I can turn away from French fries or Cheez-its (mmmmmm) or ice cream; I have no problem eating salad instead of cheeseburgers. But experience hunger? Like when I’m dying for something and it’s 4 p.m. and I’ve only got 300 calories left for the whole day?

Hate it.

One of my standard bits of diet advice has always been “include protein with every meal and snack.” I recommend that because of the high satiety value of protein.

Satiety has to do with a food’s ability to fill you up, to satisfy, to stave off hunger. And of the three macronutrients—fat, carbohydrate, and protein—protein is the satiety king.

A study published in the journal Obesity further supports this notion. Interestingly, to me, it also looked at meal frequency—whether eating three meals or six small meals a day had an effect on appetite regulation. Nope. Choose whichever you prefer.

But getting more protein? That had a significant effect on the study subjects’ evening and late-night sense of fullness.

Not feeling hungry in the evening is major—as I can testify. Lots of women have told me that they do very well on a diet throughout the day. It’s when they’re home at night that they’re tempted to dive into the junk food.

OK, let’s look at the study, which was conducted by Dr. Heather Leidy of the University of Missouri. She worked with two groups of overweight men: half got 14 percent of their daily calories from protein; half consumed 25 percent of their calories as protein. Their total daily calories and percentage of calories from fat were the same.

But the higher-protein group reported greater satiety when evening rolled around.

Let’s translate that into practical details for a woman who’s cutting calories and eating 1,600 calories a day.

If she gets 14 percent of her calories from protein, that amounts to 224 calories—or 56 grams (one gram of protein has four calories). That’s actually more than a lot of women get because we tend to be notorious under-eaters of protein.

We eat bagels for breakfast, sandwiches for lunch, and pasta for dinner. And although there’s nothing wrong with carbohydrates (I am a huge defender of carbs), protein calories have to be squeezed in somehow. Fats and carbs can be reduced as needed to make room for them.

If our hypothetical woman consumes 25 percent of calories in the form of protein, that’s 100 grams a day.

For many women that’s a lot, and it requires real dedication to eggs and egg whites, low-fat dairy products, fish, and meat. Also, it’s hard to get that much protein (except through tofu and dairy) if you’re a vegetarian.

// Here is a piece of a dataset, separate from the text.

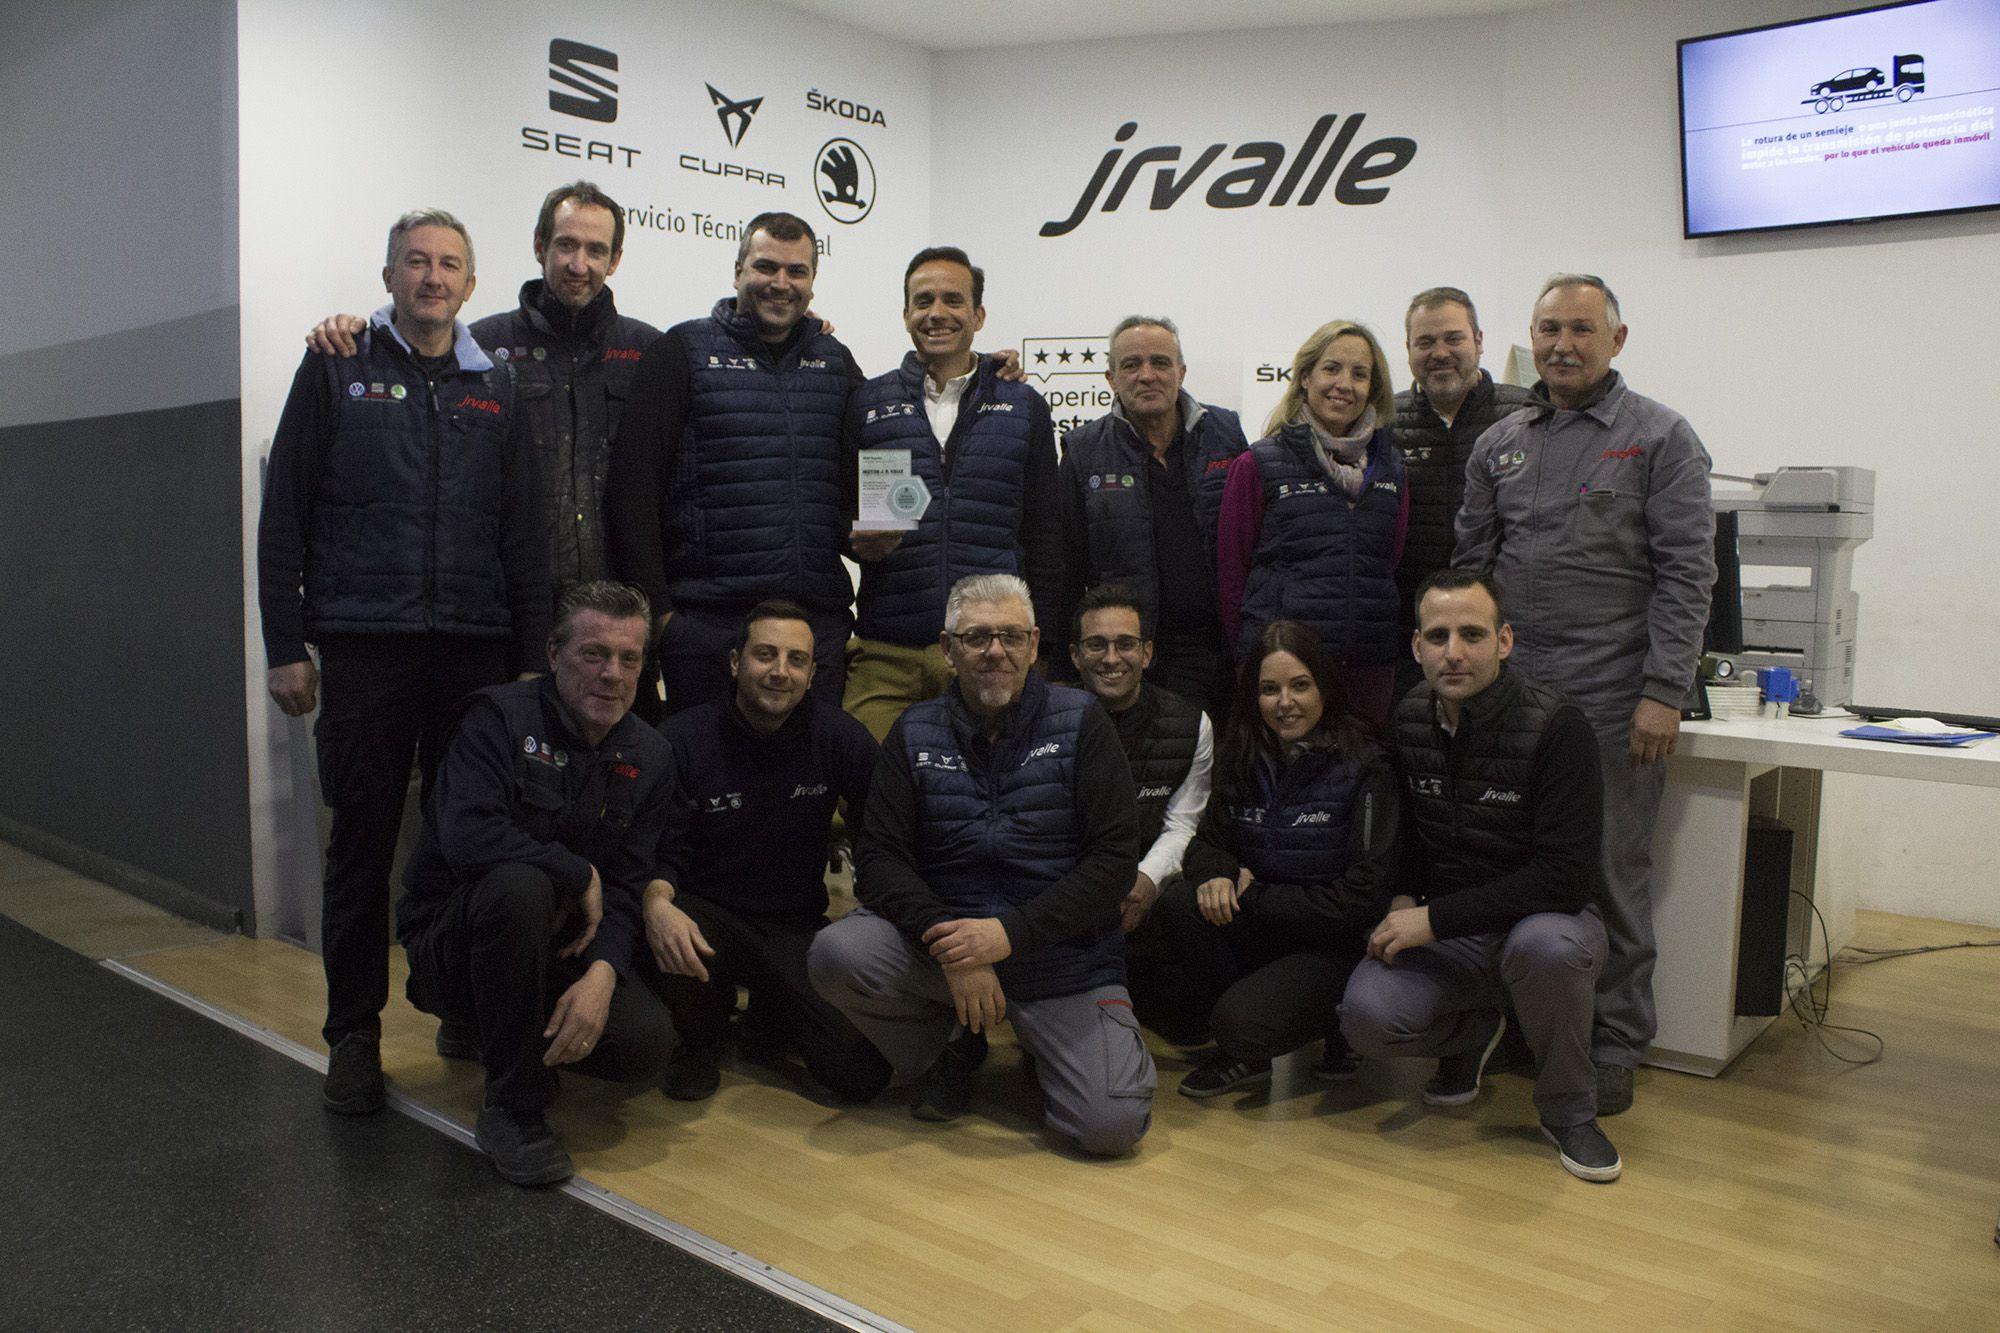 el-servicio-oficial-posventa-seat-de-jr-valle-reconocido-como-uno-de-los-mejores-de-espana-en-2018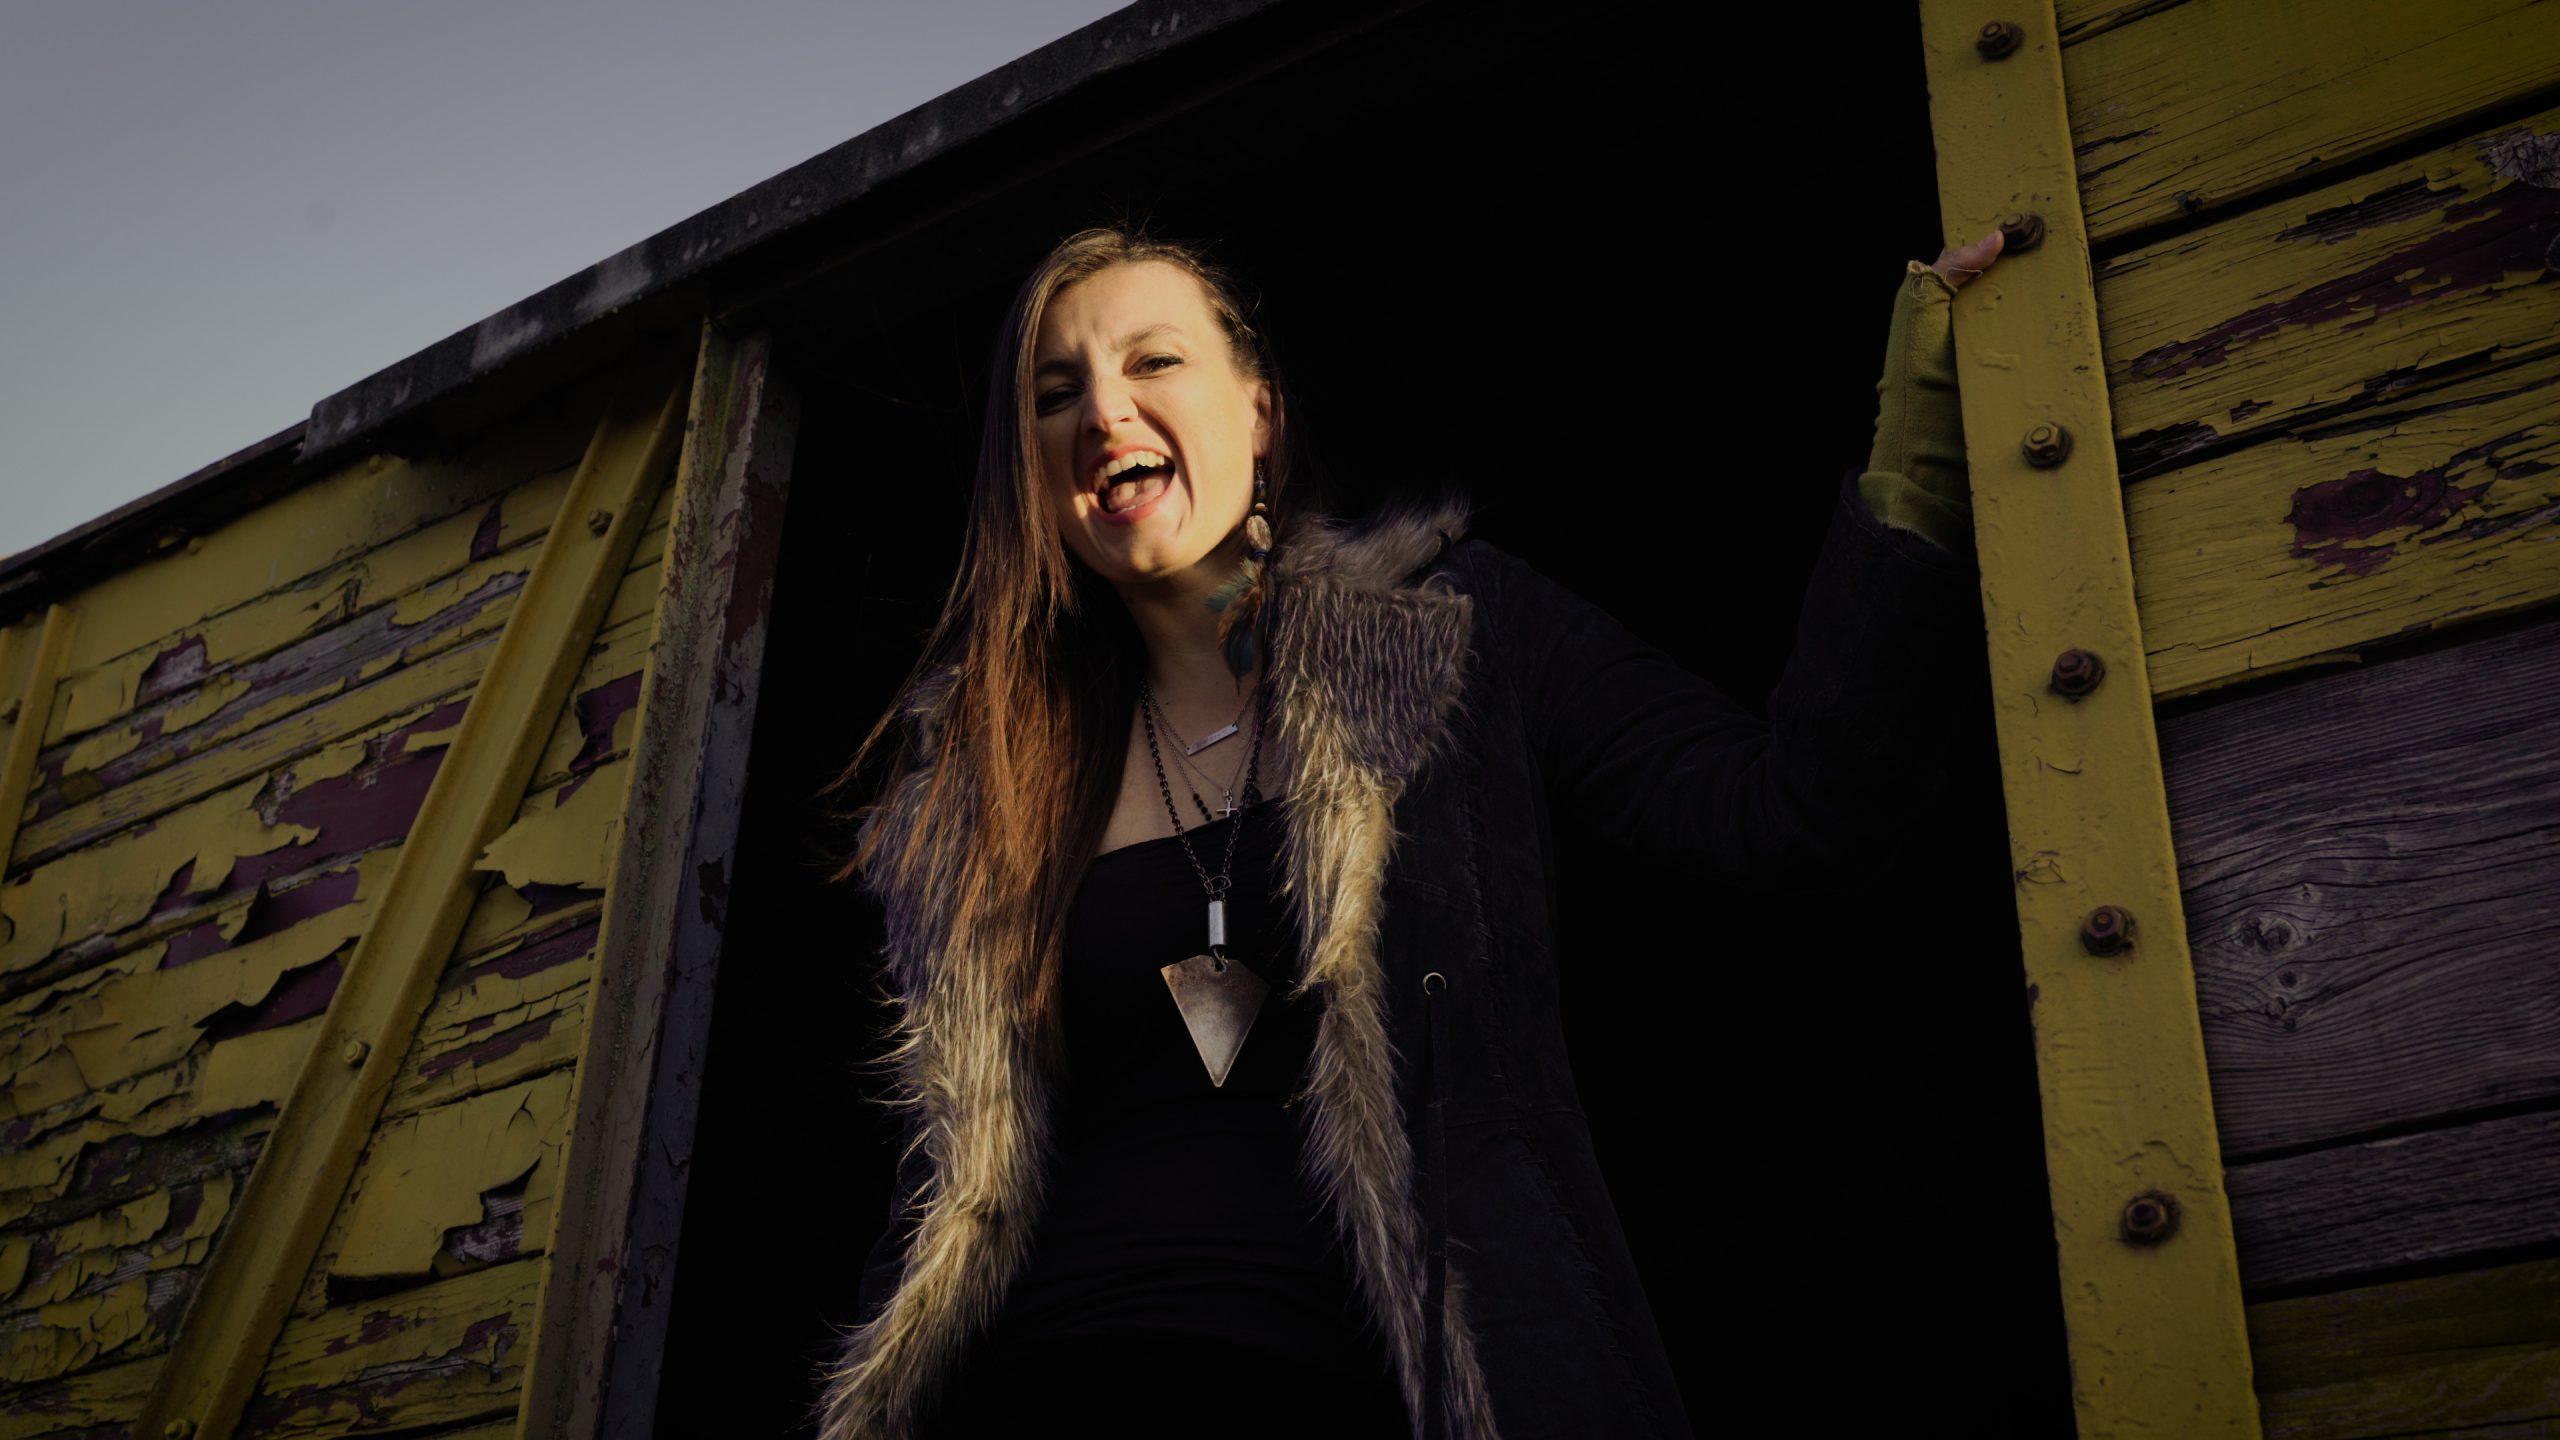 """Sunnysiders novim mračnim singlom """"No Pockets In The Grave"""" podsjećaju na prolaznost života i važnost nematerijalnih vrijednosti"""

But if you’re dieting for fat loss and feeling hungrier than you’d like, why not try a weeklong challenge in which you eat some source of high-quality protein with every meal and snack?

Shoot for 20 to 25 percent of your daily calories as protein, and take note of your hunger. How do you feel between meals? How about at night or mid-afternoon or whenever you’re usually most hungry?

It’s easy to track how many grams you’re consuming by 1) reading package labels and 2) looking up foods in the USDA Nutrient Database.

If you take up the challenge, I want to hear how you do.